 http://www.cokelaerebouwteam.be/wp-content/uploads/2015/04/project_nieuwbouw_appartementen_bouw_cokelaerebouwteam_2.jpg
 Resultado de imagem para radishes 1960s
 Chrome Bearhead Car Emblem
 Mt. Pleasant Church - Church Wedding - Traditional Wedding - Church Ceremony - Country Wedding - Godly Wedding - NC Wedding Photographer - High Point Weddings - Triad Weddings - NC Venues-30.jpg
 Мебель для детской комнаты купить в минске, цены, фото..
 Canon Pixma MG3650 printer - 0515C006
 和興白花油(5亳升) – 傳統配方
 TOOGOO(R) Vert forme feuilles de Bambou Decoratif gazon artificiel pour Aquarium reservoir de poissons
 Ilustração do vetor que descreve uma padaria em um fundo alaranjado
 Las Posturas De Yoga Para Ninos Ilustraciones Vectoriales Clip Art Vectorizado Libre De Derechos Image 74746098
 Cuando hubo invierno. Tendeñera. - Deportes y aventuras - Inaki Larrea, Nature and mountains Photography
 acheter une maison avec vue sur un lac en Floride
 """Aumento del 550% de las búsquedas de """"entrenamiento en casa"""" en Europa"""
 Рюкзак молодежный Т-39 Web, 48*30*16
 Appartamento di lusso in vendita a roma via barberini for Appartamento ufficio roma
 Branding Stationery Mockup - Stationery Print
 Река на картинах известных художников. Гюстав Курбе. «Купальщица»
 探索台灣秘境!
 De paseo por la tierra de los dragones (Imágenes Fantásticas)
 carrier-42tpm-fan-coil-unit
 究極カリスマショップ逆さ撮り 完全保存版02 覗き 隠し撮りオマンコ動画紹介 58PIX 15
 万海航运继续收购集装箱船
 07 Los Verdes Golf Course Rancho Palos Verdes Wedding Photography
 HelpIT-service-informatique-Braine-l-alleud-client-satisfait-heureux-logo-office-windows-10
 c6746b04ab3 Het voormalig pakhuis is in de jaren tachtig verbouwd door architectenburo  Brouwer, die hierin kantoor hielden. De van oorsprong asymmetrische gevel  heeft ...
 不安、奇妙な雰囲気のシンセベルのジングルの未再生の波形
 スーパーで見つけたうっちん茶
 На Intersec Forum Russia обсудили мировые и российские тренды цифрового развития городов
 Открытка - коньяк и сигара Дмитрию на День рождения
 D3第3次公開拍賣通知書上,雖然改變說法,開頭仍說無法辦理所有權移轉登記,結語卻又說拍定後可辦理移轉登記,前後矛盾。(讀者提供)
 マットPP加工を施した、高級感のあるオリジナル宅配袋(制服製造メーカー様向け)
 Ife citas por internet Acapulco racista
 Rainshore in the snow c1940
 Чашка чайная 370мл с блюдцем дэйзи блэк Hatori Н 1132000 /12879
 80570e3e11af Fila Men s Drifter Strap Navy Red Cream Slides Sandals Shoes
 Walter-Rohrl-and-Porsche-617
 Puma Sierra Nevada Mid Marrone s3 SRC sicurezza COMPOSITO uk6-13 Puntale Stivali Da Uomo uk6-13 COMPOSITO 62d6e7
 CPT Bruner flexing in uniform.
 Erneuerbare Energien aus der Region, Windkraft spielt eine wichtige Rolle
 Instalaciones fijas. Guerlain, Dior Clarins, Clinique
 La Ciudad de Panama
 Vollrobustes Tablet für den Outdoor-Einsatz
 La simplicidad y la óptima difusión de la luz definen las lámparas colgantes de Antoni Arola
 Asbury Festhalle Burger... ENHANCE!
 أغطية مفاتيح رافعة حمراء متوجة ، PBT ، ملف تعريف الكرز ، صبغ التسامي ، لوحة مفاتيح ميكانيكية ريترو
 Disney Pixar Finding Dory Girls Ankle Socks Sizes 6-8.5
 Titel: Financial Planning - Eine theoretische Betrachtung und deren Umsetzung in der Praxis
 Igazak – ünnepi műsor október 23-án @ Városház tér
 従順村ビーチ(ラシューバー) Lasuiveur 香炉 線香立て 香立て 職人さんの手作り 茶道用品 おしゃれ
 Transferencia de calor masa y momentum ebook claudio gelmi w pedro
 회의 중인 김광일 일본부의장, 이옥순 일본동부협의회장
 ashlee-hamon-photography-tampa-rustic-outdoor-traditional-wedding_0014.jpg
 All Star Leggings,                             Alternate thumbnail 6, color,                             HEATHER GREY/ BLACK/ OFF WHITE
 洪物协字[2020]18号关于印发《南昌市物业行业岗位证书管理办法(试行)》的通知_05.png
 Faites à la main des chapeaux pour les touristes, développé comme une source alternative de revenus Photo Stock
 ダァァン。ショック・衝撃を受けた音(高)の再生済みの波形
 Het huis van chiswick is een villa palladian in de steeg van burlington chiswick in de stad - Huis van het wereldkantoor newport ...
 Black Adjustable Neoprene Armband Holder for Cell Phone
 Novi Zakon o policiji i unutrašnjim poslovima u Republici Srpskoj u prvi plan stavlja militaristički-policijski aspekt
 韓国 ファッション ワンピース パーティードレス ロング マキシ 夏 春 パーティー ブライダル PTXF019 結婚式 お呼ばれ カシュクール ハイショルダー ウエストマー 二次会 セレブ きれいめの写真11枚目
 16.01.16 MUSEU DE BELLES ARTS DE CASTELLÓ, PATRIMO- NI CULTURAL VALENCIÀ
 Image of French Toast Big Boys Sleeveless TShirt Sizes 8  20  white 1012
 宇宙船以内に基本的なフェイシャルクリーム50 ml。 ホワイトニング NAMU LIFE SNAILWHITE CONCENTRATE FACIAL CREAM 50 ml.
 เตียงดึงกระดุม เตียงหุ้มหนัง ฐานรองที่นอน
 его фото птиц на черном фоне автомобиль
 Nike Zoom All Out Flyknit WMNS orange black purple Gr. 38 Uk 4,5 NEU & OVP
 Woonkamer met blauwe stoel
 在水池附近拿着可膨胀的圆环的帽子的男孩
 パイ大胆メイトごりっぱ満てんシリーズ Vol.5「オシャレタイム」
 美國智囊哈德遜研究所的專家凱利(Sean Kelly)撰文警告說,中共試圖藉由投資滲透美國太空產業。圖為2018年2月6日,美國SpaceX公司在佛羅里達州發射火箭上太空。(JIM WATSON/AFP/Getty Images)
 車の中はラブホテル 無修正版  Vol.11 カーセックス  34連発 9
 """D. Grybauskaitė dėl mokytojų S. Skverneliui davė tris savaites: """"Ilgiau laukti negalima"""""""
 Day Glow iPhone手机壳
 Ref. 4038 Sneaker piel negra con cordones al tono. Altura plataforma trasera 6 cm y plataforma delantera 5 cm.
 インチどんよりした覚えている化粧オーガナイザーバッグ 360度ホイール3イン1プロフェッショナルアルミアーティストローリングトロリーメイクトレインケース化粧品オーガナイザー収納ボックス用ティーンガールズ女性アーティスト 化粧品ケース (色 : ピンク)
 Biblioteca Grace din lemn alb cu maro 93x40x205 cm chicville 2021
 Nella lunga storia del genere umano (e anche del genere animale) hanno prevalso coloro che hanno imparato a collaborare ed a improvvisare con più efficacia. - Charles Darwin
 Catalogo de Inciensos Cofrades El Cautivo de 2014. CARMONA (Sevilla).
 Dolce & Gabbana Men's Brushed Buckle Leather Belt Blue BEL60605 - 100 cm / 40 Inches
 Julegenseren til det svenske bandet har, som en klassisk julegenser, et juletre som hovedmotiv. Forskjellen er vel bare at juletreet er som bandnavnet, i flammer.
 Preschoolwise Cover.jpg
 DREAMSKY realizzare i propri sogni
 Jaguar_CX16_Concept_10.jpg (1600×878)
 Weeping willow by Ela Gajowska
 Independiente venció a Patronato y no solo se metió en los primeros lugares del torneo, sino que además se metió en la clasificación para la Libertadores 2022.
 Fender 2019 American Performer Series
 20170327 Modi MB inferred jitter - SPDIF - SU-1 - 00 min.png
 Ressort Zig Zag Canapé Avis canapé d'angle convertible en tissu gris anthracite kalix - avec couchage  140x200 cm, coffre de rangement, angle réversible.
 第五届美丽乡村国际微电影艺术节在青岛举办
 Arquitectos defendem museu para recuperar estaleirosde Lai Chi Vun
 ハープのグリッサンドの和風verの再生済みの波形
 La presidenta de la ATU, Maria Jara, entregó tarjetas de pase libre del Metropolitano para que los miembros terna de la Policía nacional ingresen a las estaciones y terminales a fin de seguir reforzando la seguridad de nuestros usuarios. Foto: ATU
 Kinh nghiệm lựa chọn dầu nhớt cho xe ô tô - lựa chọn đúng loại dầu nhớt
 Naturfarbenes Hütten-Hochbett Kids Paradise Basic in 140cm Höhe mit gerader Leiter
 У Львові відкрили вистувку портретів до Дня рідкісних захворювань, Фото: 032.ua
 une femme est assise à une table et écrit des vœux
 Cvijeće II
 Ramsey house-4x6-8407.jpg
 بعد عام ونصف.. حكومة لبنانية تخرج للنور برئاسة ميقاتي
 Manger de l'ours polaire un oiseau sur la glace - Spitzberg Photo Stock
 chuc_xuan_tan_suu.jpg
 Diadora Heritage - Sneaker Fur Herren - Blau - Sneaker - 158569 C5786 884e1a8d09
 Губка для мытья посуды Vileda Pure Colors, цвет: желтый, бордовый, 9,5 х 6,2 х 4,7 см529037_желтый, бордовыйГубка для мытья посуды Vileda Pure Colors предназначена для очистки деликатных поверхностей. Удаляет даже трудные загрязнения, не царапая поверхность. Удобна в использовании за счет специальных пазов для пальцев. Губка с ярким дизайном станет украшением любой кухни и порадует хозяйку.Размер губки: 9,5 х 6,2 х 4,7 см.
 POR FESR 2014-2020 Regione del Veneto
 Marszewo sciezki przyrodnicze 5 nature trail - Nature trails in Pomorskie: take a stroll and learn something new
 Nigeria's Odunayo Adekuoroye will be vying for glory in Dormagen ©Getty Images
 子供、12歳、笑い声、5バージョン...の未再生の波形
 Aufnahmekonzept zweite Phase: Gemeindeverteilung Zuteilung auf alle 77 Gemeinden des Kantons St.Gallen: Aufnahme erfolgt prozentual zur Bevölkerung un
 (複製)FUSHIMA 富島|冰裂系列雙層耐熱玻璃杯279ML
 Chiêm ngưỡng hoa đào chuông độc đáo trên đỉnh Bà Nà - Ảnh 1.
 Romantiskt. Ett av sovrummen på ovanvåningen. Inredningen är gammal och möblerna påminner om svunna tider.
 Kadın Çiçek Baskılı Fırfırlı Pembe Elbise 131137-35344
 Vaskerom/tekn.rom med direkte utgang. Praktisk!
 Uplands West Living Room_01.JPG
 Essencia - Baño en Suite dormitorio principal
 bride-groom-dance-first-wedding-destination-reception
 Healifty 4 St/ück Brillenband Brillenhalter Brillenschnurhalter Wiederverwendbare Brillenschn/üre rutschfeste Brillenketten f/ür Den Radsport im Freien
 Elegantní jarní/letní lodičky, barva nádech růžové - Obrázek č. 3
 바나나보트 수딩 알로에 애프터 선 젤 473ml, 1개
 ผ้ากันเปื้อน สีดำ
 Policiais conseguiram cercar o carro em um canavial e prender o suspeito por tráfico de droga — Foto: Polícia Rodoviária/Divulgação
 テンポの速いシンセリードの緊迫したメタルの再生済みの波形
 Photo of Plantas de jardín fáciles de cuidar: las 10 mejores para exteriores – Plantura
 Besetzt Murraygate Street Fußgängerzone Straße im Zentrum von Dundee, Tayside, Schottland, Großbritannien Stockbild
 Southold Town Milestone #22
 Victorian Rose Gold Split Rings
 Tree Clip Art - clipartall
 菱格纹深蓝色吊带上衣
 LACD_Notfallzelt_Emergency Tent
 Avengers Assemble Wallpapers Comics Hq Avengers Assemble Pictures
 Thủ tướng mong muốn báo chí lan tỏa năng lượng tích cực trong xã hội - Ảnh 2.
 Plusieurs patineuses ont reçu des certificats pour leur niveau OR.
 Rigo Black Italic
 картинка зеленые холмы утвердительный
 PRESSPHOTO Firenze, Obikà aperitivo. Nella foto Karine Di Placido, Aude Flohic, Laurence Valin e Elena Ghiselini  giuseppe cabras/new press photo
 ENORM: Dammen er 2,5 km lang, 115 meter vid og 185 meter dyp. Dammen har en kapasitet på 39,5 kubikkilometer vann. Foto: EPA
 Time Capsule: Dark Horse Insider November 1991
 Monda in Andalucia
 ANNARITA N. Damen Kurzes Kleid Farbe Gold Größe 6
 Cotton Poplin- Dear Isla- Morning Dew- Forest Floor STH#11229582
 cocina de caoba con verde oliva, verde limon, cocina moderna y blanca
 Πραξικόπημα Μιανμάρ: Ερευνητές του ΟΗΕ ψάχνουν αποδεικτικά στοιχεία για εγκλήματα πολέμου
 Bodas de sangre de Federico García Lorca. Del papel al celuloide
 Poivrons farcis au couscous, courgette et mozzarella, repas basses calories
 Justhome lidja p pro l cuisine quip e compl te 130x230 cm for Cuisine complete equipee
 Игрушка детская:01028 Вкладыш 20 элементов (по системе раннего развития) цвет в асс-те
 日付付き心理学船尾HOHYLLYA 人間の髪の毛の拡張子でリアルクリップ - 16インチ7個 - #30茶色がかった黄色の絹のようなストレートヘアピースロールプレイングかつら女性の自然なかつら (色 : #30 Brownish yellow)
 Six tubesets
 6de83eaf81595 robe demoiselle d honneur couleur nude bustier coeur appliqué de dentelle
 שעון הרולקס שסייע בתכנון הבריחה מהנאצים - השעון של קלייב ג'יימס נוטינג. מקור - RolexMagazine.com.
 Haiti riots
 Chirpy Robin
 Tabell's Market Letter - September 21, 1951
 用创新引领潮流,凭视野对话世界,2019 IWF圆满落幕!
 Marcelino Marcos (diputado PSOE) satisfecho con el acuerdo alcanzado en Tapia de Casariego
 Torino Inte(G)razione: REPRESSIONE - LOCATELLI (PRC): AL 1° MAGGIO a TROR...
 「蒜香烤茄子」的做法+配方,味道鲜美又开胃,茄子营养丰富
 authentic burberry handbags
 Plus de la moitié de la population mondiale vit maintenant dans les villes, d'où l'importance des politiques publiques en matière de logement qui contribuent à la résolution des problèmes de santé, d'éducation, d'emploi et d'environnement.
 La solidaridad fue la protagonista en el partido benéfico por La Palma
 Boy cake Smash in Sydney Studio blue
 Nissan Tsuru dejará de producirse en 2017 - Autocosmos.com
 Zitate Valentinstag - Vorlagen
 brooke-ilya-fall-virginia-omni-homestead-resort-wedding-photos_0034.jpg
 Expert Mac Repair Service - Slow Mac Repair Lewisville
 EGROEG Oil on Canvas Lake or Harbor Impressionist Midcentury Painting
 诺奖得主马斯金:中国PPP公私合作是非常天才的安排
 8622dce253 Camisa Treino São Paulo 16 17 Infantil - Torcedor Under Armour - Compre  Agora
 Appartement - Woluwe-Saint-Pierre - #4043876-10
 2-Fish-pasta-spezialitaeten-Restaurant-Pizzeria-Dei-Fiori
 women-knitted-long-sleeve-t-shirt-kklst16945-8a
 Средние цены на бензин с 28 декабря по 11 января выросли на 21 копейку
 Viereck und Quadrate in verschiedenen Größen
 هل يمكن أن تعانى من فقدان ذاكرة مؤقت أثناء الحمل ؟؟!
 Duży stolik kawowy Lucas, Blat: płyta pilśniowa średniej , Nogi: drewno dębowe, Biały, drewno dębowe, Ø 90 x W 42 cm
************
WORK REQUEST ->
Produce a word-for-word copy of everything above from the line holding "Чашка чайная 370мл" down to the line holding "Het huis van", with both of those lines kept.

RESULT BELOW ->
 Чашка чайная 370мл с блюдцем дэйзи блэк Hatori Н 1132000 /12879
 80570e3e11af Fila Men s Drifter Strap Navy Red Cream Slides Sandals Shoes
 Walter-Rohrl-and-Porsche-617
 Puma Sierra Nevada Mid Marrone s3 SRC sicurezza COMPOSITO uk6-13 Puntale Stivali Da Uomo uk6-13 COMPOSITO 62d6e7
 CPT Bruner flexing in uniform.
 Erneuerbare Energien aus der Region, Windkraft spielt eine wichtige Rolle
 Instalaciones fijas. Guerlain, Dior Clarins, Clinique
 La Ciudad de Panama
 Vollrobustes Tablet für den Outdoor-Einsatz
 La simplicidad y la óptima difusión de la luz definen las lámparas colgantes de Antoni Arola
 Asbury Festhalle Burger... ENHANCE!
 أغطية مفاتيح رافعة حمراء متوجة ، PBT ، ملف تعريف الكرز ، صبغ التسامي ، لوحة مفاتيح ميكانيكية ريترو
 Disney Pixar Finding Dory Girls Ankle Socks Sizes 6-8.5
 Titel: Financial Planning - Eine theoretische Betrachtung und deren Umsetzung in der Praxis
 Igazak – ünnepi műsor október 23-án @ Városház tér
 従順村ビーチ(ラシューバー) Lasuiveur 香炉 線香立て 香立て 職人さんの手作り 茶道用品 おしゃれ
 Transferencia de calor masa y momentum ebook claudio gelmi w pedro
 회의 중인 김광일 일본부의장, 이옥순 일본동부협의회장
 ashlee-hamon-photography-tampa-rustic-outdoor-traditional-wedding_0014.jpg
 All Star Leggings,                             Alternate thumbnail 6, color,                             HEATHER GREY/ BLACK/ OFF WHITE
 洪物协字[2020]18号关于印发《南昌市物业行业岗位证书管理办法(试行)》的通知_05.png
 Faites à la main des chapeaux pour les touristes, développé comme une source alternative de revenus Photo Stock
 ダァァン。ショック・衝撃を受けた音(高)の再生済みの波形
 Het huis van chiswick is een villa palladian in de steeg van burlington chiswick in de stad - Huis van het wereldkantoor newport ...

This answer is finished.